# Miter + station?



## JPB (Jun 23, 2011)

My shop is slowly coming together in the garage - but I need to be able to fit at least my wife's car in there when its not in shop mode. I have a big 12" miter say and I'll be grabbing a planer soon (portable 12-13" like the DW735 or something similar). I wanted to build a bank of cabinets along one of the walls with a low cabinet in the middle - so I can use the cabinet tops as out feed tables by putting either of the tools in the low spot. I was going to rig up something like a router lift on this low spot so I can make sure everything lines up when I swap out tools. I know I've seen something this done, but I can't for the life of me remember where. I'm sure somebody on this site has done something similar, can anybody point me in the right direction? User name or link?

Thanks
Joe


----------



## Rick Dennington (Aug 27, 2009)

Here's a couple of shots of my set-up. Is this what you're looking for?


----------



## JPB (Jun 23, 2011)

Yes, very much what I was thinking. I was wondering though….is that section where you have the miter saw fixed? I was going to make that adjustable as I didn't see my tools all being the same height. The thinking was I could maybe use some less versatile (cheaper) tools if I did this - like maybe get an 8" bench top jointer instead of a 6" with a long bed and still be able to surface a long piece of wood. Am I tilting at wind mills here?


----------



## Rick Dennington (Aug 27, 2009)

Hi Joe,

The one I made for my miter saw is fixed, I guess you could say, but is adjustable (if that makes sence). The base that the saw sits on is held in place with two runners underneath it, and are just screwed into the cabinets. I made it that way in case I ever have to change out saws…..no glue…just screws, so it can be moved up or down accordlingly, and can be widened if necessary, to fit a larger saw. This is an old Craftsman I've had for 25 years, and has a narrow base. You can make it any heigth you want to fit your tools. Just a little planning and thinking will do the trick. The RAS sits on the same-type base, and can be adjusted up or down, also. If you have any more questions, feel free to ask…..


----------



## JPB (Jun 23, 2011)

Maybe I'm over thinking this. 
Here is a little drawing I threw together in Sketchup - its not supposed to be plans, but conceptually what do you think? Overkill? This lift is supposed to work like a router lift - the idea was to be able to make sure the in feed and out feed were dead on if I was using something like a jointer or planer in there.


----------



## Rick Dennington (Aug 27, 2009)

Joe,

I suppose in theory it would work somehow, but I'm trying to picture how the lift would operate….You would have to really beef up the top to hold the weight of the jointer or planer…they will be heavy, and it could cause stress on the lift to the point that it might not hold or raise (?). You might could raise them up with no problem, but it might be tough. I don't know…I've never seen or heard of this done. Most people either mount them like mine, or put the jointer or planer on stands. But…if you're strapped for space, it could be figured out, I guess….Keep working on it, and get back to me. This may be over-thinking and over-kill..lol.
Maybe some other LJ will chime in with a good or better suggestion…someone smarter than me…...lol.


----------



## elschaefer (Jun 4, 2011)

If you're looking to create a system that will account for several different heights but don't need infinite adjustability, you could create a similar system to Rick's except with multiple rails to accommodate the placement of tools with different heights (i.e., your Miter saw is 3.5" tall plus 1 1/2" for a support platform, so it sits on a rail 5" below the tabletop, and your planer could be 4" tall to the feed tables plus a 4" support platform so it sits on a rail 8" below the tabletop. Vary the height of the support platforms to allow the rails to be whatever size/shape you want).
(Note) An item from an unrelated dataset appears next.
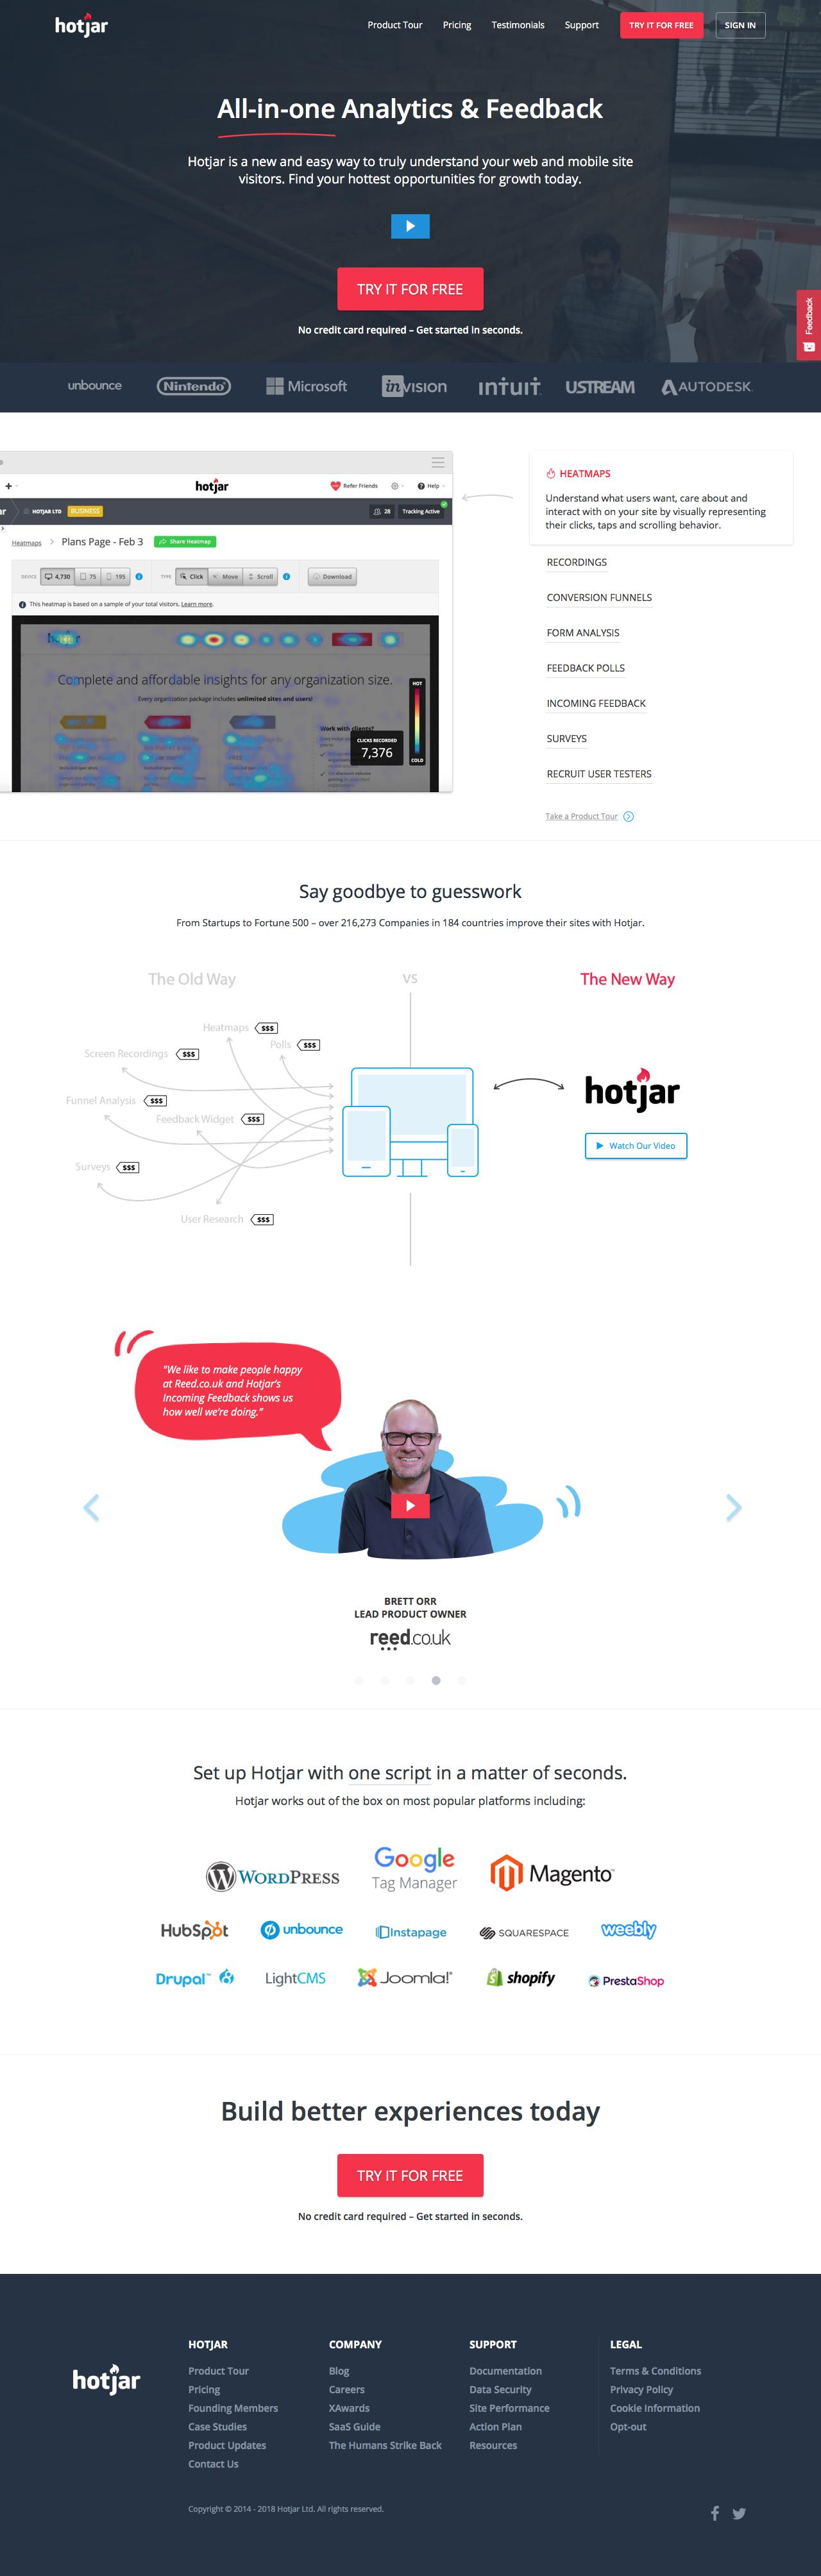 Screenshot of hotjar.com - Hotjar - Heatmaps, Visitor Recordings, Conversion Funnels, Form Analytics, Feedback Polls and Surveys in One Platform - captured March 28, 2018

With regard to the smaller jointer in the same spot- presumably you'll need your infeed and outfeed tables to be the same height for use with your miter saw and planer, so in order to use the jointer you'd end up adding some height temporarily to the outfeed side (maybe a 1/4") and probably have to make do with no additional infeed support unless you always use the same settings on the jointer, or plane several boards that you can switch out if you're jointer is set at 1/16", 1/32", etc.


----------



## MrWoodworker (Apr 18, 2011)

I think the lift mechanism could cause unwanted instability. Unless you over engineer it to the point of absurdity, I think you will not be pleased with the flex/imprecision that it will introduce. Best to have those kinds of tools on a more solid surface.

The above suggestions about adding support rails or shims are good. You may also want to consider just having a couple custom, metal framed risers/bases built for each tool.

If you figure out a way to build a very stable and infinitely adjustable (within a certain range of course) lift that can be operated easily with a heavy tool on it, you might have yourself a marketable product. I've never seen something quite like that, and I do like the idea.


----------